Prompt: For every line below, output the text exactly and leave out images.

Dataset extract:
——

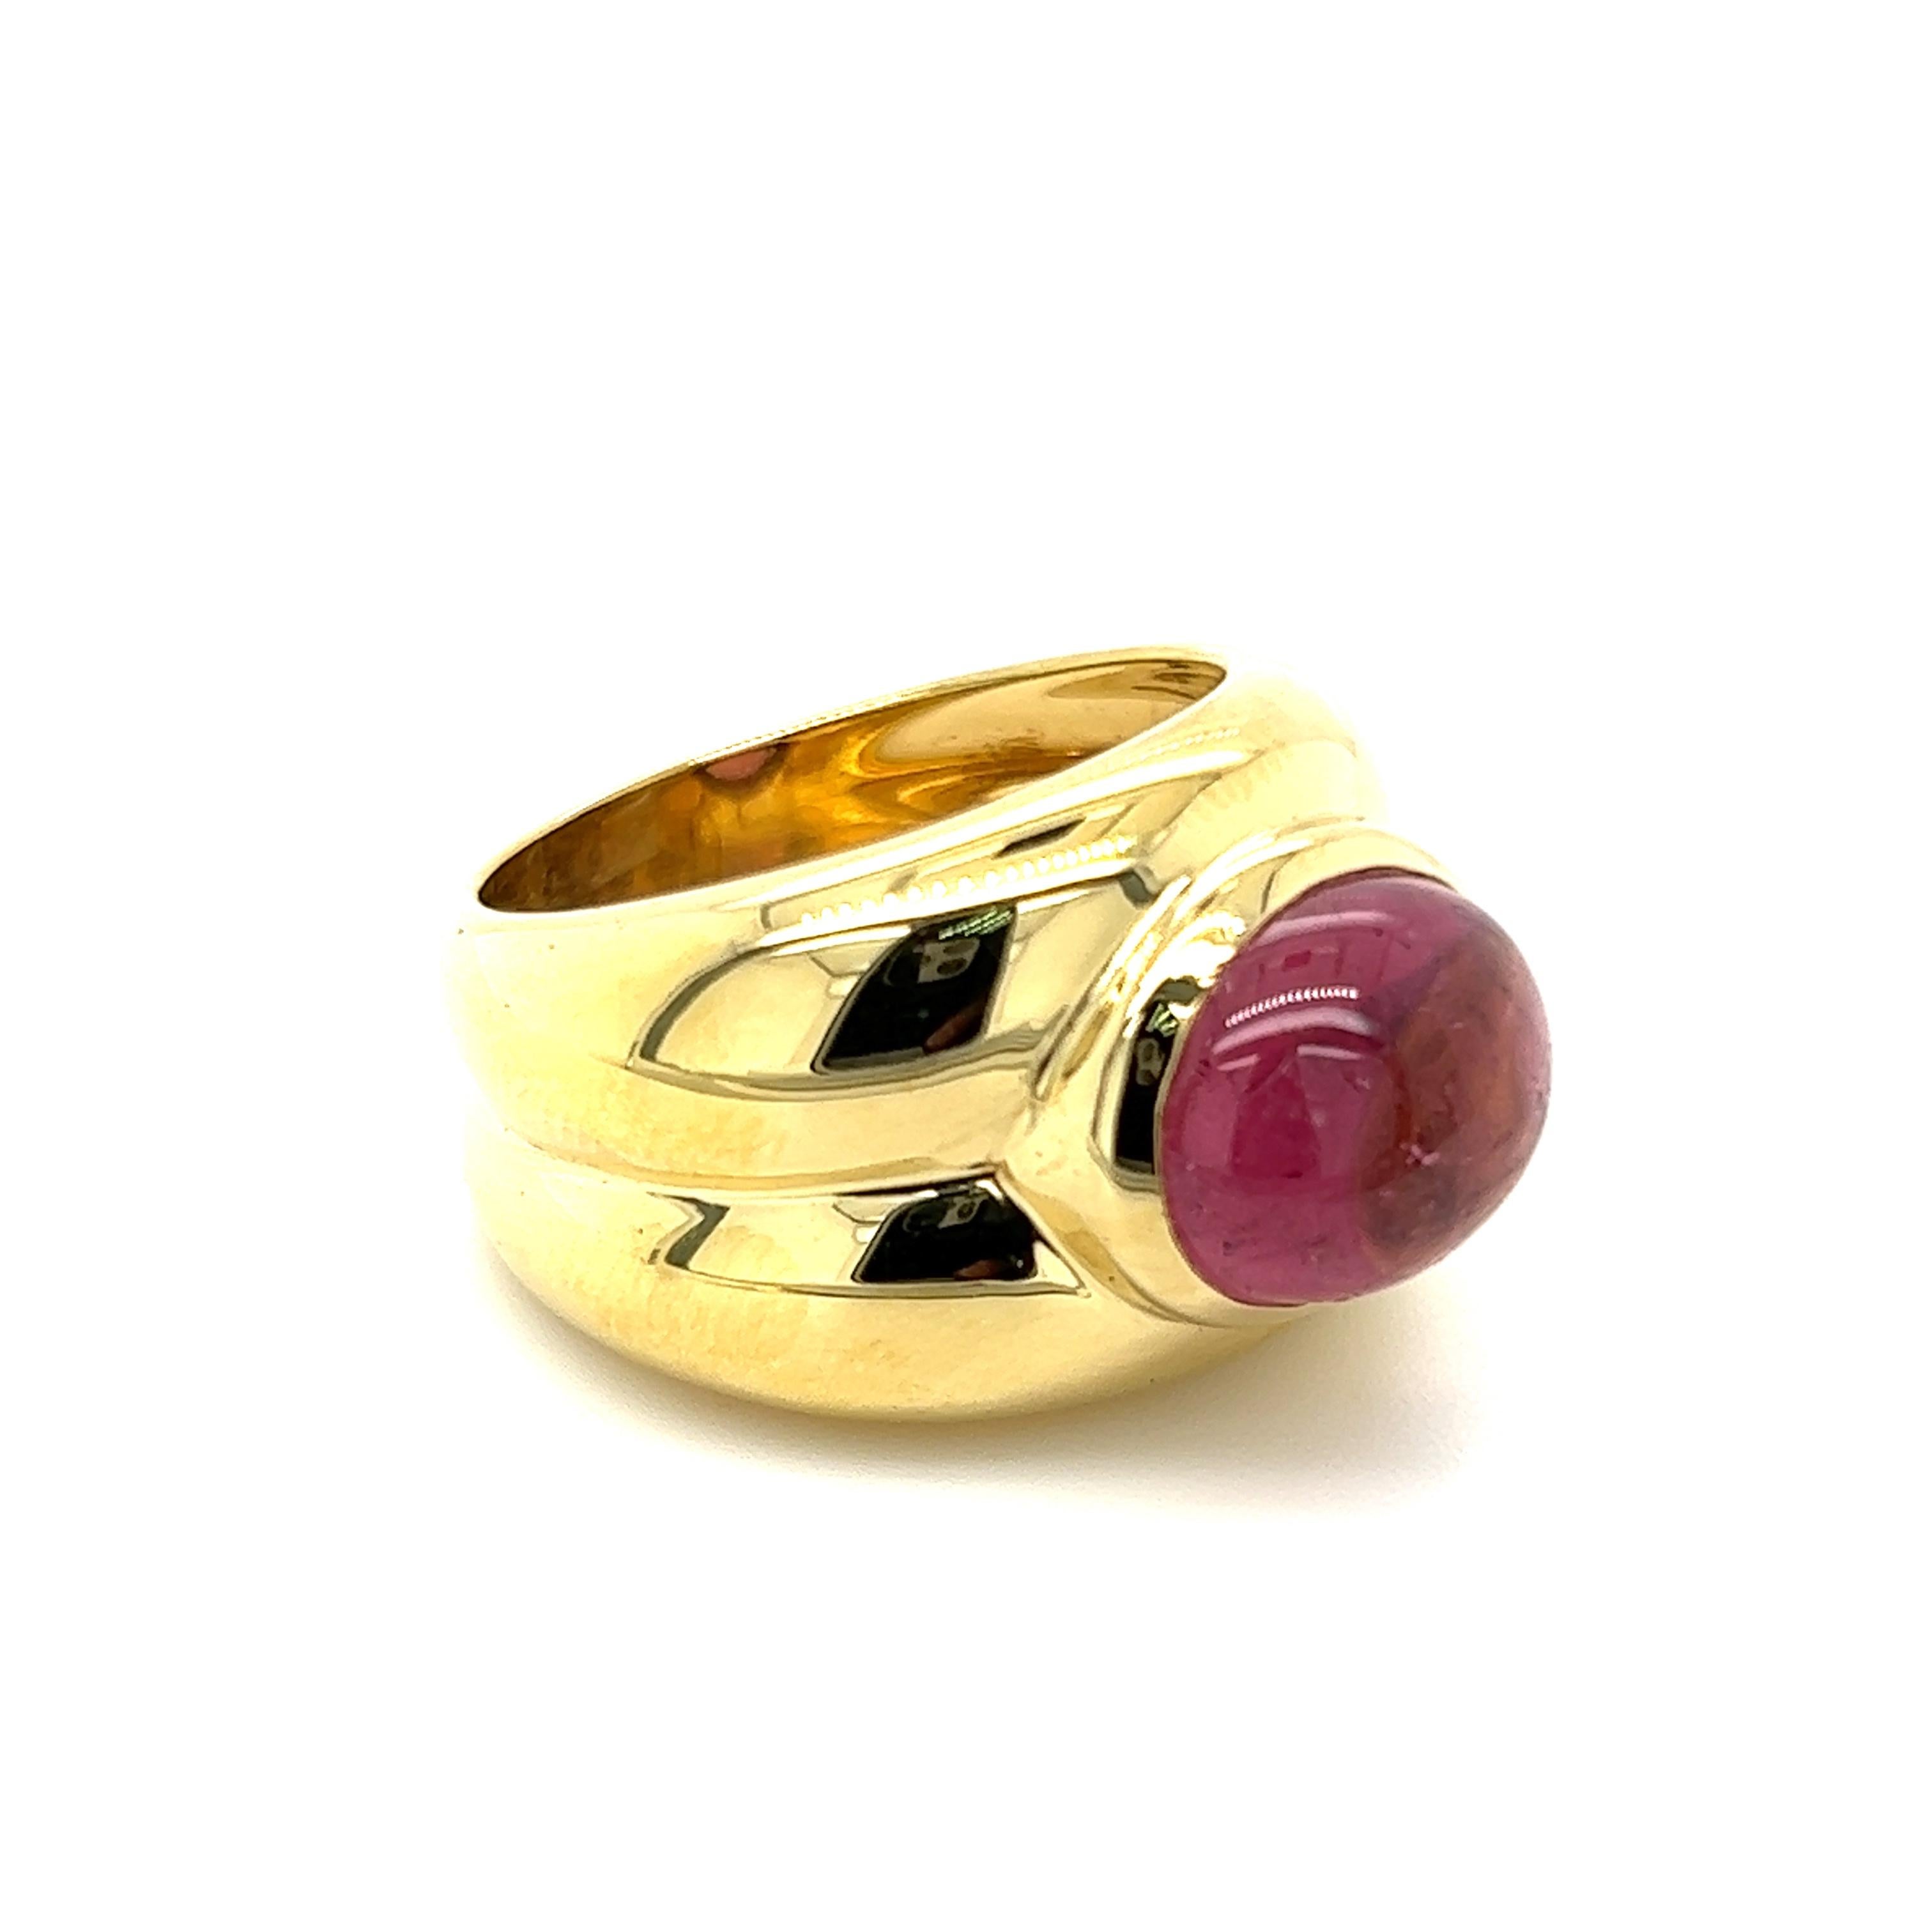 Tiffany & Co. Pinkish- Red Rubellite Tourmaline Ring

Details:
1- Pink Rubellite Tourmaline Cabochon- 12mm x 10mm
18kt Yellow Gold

——

Completed exercise:
 Tiffany & Co. Pinkish- Red Rubellite Tourmaline Ring

Details:
1- Pink Rubellite Tourmaline Cabochon- 12mm x 10mm
18kt Yellow Gold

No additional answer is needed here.